Now, of course we have a new event, “B”, which is “a new virus has appeared”. We now need to update our forecast for “A”. Before Wuhan our hypothesis of a bad pandemic starting in 2020 was forecast to be 2%. After Wuhan, our forecast for that hypothesis changes. But how? I’m going to follow Nate Silver’s method – so have a look at his book.
Firstly, we need to look at the chance of a new virus appearing (“B”) if our hypothesis (“A”) is true. We write this “P(B|A)” – the probability of B happening given that A is true. So, what is the chance that a new virus arises if 2020 sees the start of a pandemic from a new virus? Well that chance is 100%. You’re not going to see a pandemic from a new virus unless a new virus has appeared. So P(B|A) = 100%.
Secondly, we now need to ask the question, what is the chance of a new virus appearing somewhere in the world (event “B”), if our hypothesis “A” is false? That is, are there any circumstances in which a new virus can appear this year, but 2020 still not see the start of a pandemic from a new virus? And if so what is that probability?
Well, we know that new viruses arise a lot and don’t go on to become pandemics (I mentioned a few earlier: Marburg, Ebola, Zika, MERS, SARS). So, let’s just limit ourselves to coronaviruses, given that the Wuhan virus is a coronavirus. We have seen two other coronaviruses appear over the last twenty years where a global pandemic killing tens of millions of people wasn’t starting. That is, we have seen coronaviruses arise under circumstances where our hypothesis “A” is false. Therefore, let’s be really aggressive and say the chance of a new virus arising in a year when a global pandemic is not starting is only 33% (I think that’s incredibly aggressive and should be higher, given that the last two coronaviruses haven’t gone on to cause pandemics, but let’s be aggressive and push this chance low). So, P(B|~A) = 33%. That is, the probability of a new virus appearing given that 2020 is not the year a pandemic starts is 33%.
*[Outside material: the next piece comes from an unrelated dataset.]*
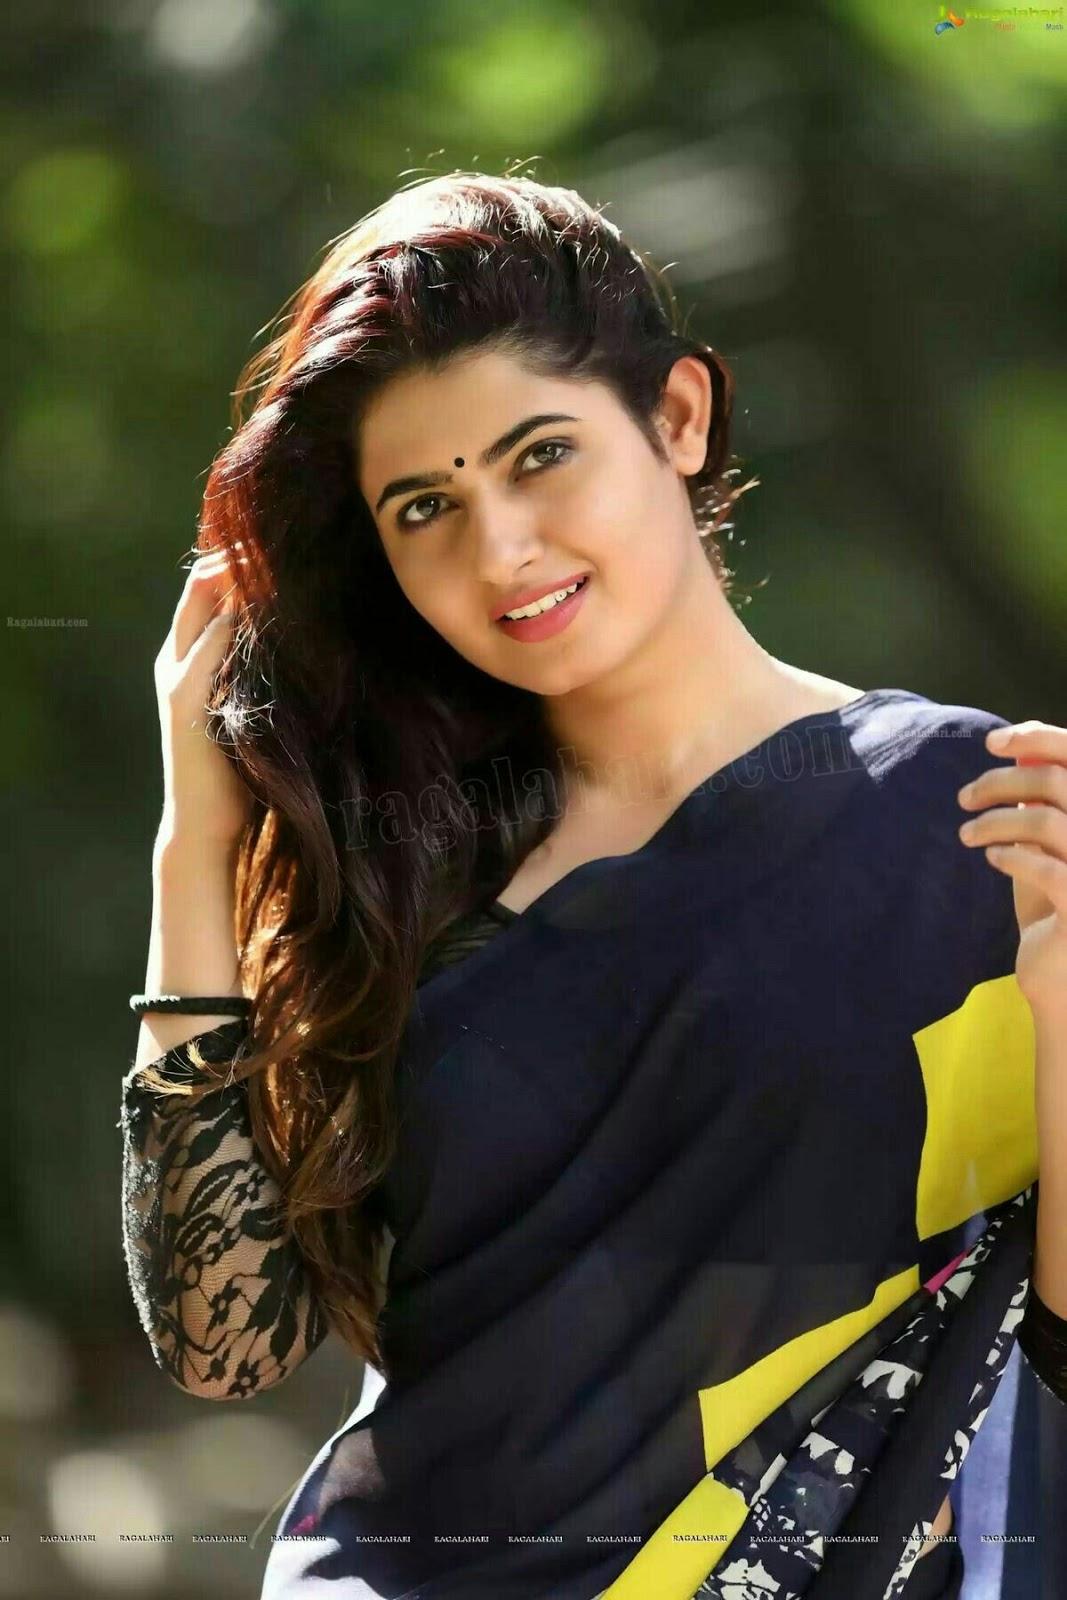 Top 10 Beautiful Girls In Saree | Hot girl in Saree HD

We now use Bayes’s Theorem to update our forecast for our hypothesis “A”. (Again, if you want to see an intuitive derivation of Bayes’s Theorem, have a look here). The formal expression of the theorem is:
New forecast for A = P(B|A) * P(A) / [(P(B|A) * P(A)) + (P(B|~A) * P(~A))]
Plugging in our assumptions, Bayes would say to update our forecast of a global pandemic starting in 2020 from 2% to about 6%.
This is really counter-intuitive, but Bayes is rigorous. When your prior is low, even a new event that seems frightening only moves the needle up a bit. In other words our forecast has tripled for a pandemic in 2020 from what it was at the start of the year, but it is still only a bit over 1 in 20.
Now that’s no reason for complacency. The thing about Bayesian reasoning is that you should continually update your priors as new information comes to hand. As we understand this new virus more we can update for factors like its rate of spread and its Case Fatality Rate. And as we do these updates we have to load in the new higher prior, not the old one of 2%. So the forecast could rapidly increase (“could”, not “will”). But right now in these early days when it is really hard to get a fix on relevant characteristics of the virus, our forecast should still be quite low.